## REQUIRED WORK
Find every line of the listing below where "left" appears, and copy it.

## SUPPLIED INFORMATION
☆ ☆ ☆ ☆
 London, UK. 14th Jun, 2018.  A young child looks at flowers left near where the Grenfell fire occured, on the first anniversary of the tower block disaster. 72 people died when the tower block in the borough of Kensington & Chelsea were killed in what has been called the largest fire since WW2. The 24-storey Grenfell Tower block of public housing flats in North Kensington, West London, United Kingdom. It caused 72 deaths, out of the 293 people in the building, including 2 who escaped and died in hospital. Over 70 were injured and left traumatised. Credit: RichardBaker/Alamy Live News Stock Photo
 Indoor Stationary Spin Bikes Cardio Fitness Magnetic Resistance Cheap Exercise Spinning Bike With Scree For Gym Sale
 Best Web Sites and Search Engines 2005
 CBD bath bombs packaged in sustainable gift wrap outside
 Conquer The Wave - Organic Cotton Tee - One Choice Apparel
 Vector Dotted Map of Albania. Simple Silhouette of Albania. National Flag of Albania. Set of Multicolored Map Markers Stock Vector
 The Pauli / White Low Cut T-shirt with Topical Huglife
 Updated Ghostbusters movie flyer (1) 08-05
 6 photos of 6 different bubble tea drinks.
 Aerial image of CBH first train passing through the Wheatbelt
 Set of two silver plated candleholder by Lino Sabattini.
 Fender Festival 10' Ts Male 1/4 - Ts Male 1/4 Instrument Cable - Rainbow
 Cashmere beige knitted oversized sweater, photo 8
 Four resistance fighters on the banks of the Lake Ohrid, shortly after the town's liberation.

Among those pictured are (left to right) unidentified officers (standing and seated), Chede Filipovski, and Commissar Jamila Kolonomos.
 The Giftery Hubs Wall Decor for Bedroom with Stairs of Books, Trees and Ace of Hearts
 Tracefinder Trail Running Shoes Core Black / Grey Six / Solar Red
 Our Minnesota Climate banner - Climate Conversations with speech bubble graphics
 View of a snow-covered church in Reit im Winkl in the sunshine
☆ ☆ ☆ ☆
## ANSWER
 London, UK. 14th Jun, 2018.  A young child looks at flowers left near where the Grenfell fire occured, on the first anniversary of the tower block disaster. 72 people died when the tower block in the borough of Kensington & Chelsea were killed in what has been called the largest fire since WW2. The 24-storey Grenfell Tower block of public housing flats in North Kensington, West London, United Kingdom. It caused 72 deaths, out of the 293 people in the building, including 2 who escaped and died in hospital. Over 70 were injured and left traumatised. Credit: RichardBaker/Alamy Live News Stock Photo
Among those pictured are (left to right) unidentified officers (standing and seated), Chede Filipovski, and Commissar Jamila Kolonomos.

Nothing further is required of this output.